Once you have gathered all data you want, you can : take it and feed them to readerDL.py to download and name them.

Install and use Chrome app

In extension, this website have a chrome app extension which allow an user to capture a screen area and instantly upload it to our database in oder to discover how other users would have name this chart.

To install it, just drag and drop the app (NameThatChart-capture.crx located in the "Chrome app" folder) into chrome://extensions/ .

Understand web app structure

Quizz and task attribution

Once an user click on the start button from : http://namethat-env.cfuws7rm8t.eu-west-1.elasticbeanstalk.com/ , he begins a small test to determine his knowledge.

This test, ask the user to complete few tasks. Each task answered right gives the user some points. those points allows us to estimate the user capacity and display adapted content.

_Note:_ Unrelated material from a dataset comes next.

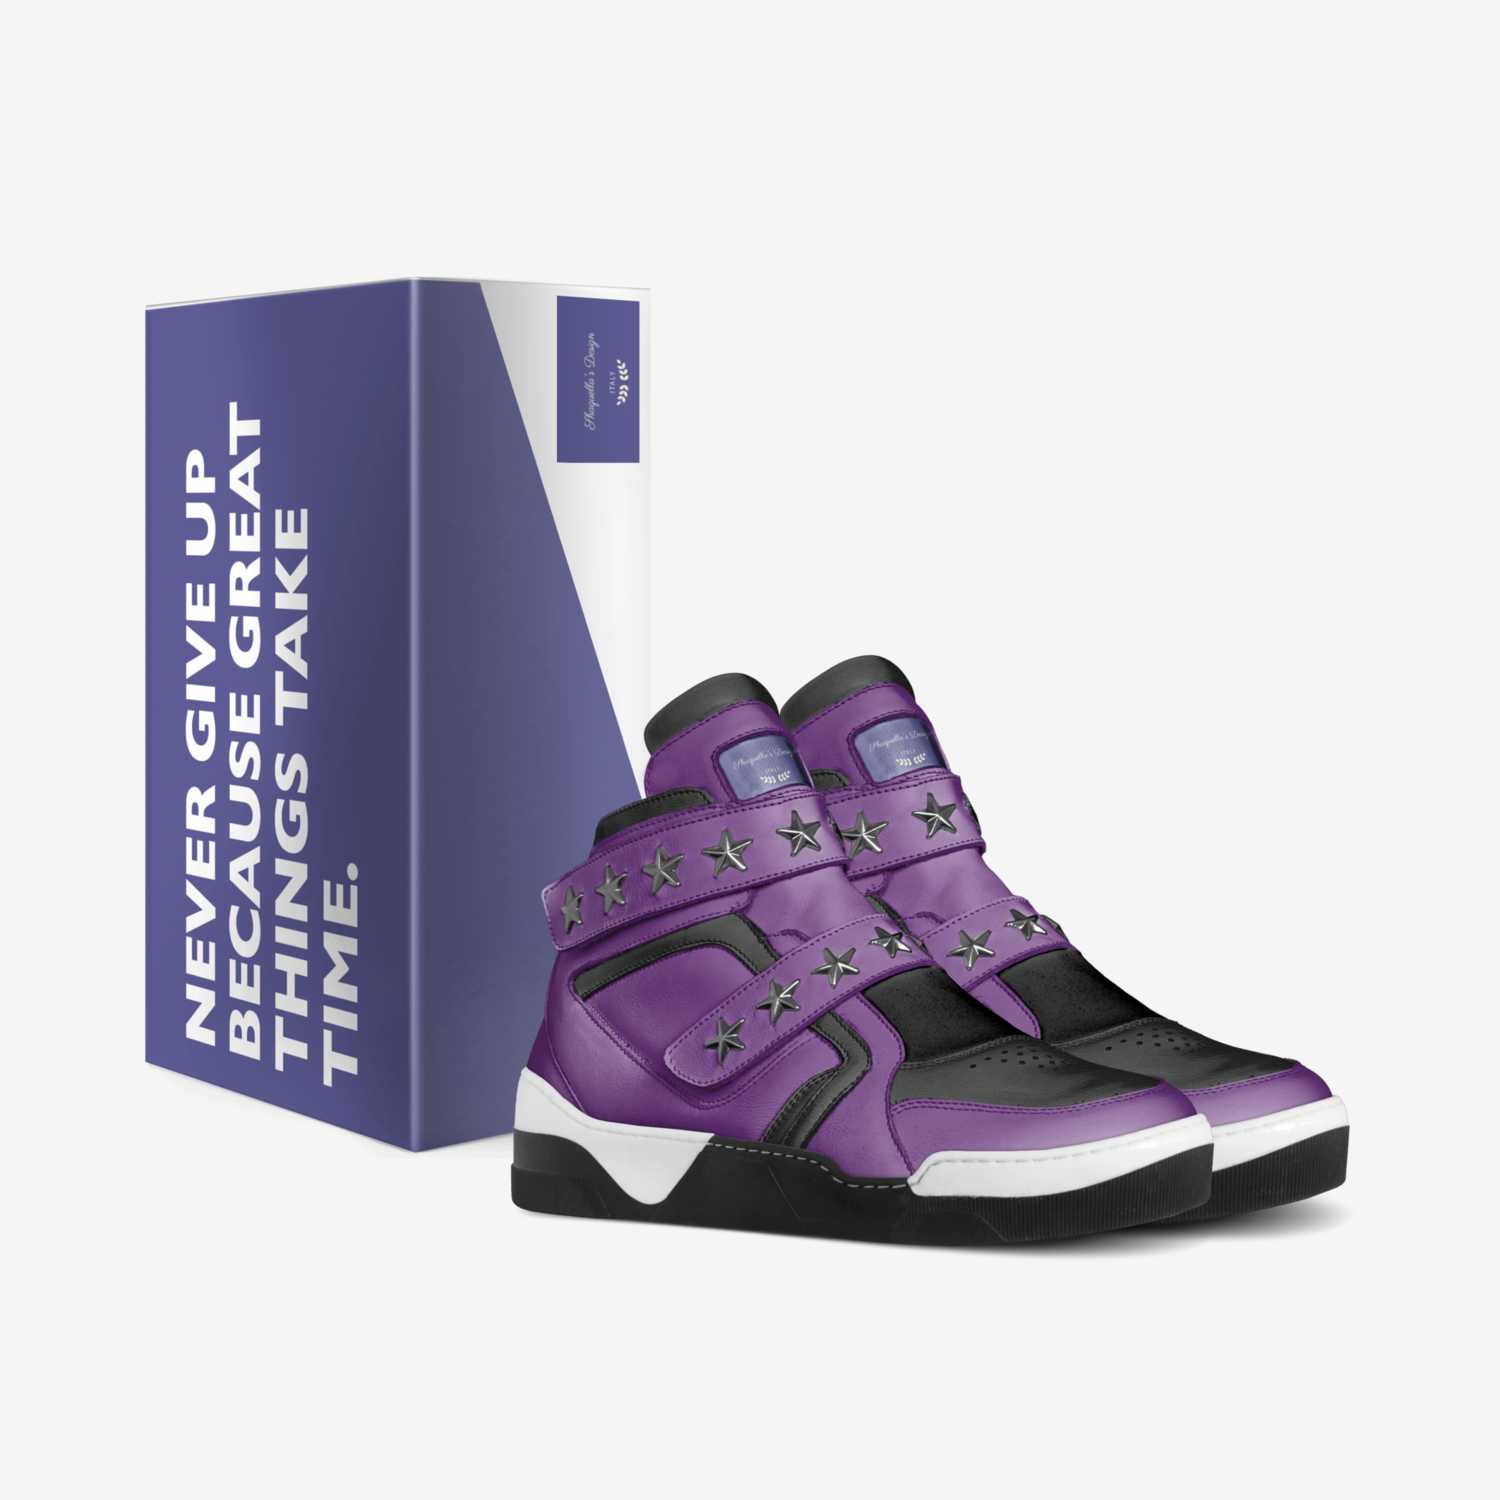 Shaquella's Design custom made in Italy shoes by Shaquella Wallop | Box view

To increase the accuracy of this process, the test use images ambiguous for common users like a "pareto chart" which can easily be mistaken for bar chart or historical data visualization like Minard's map only known by experts.

This test class users into 3 categories :

  • The "expert" this user can be trusted and might have more patience completing complexes tasks. In result, he will see more textual tasks and less swipes

  • The "average" this user will do a little of everything to keep him entertained, and still gives us valuable informations.

  • The "basic" this will user might lack in domain knowledge to be dealing with complex graphs, however, he can still helps, he will more likely do swipes and selections.

You can see bellow the points distribution:

tasks Selection Multiple Swipes Textual
points 4 5 2 (per Chart) 4

For a total of 23 points an user is :

  • an "Expert" for a grade higher than 18

  • an "Average" from 18 points to 8

  • and "Basic" bellow 8 points.

Adding a new task

To add a new task, you must, first of all include the said page using specific css specified in html style tag (increase perfs)

the said page must contain some of the elements down bellow :

  • Grid blocks (classes "wrapper","main-nav","main-head","content","main-footer")

  • The main-nav must be filled with :

        {% if session.show %}
            {% include 'navbar.html' %}
        {% else %}
            {% include 'analytics.html' %}
        {% endif %}
  • The tittle should have id="title"

  • the footer must be filled with

    {% include 'footer.html' %}
  • This page should be in the nav bars ( links down bellow)

  • This page must be map inside namethatchart.py

@application.route('/YourPage')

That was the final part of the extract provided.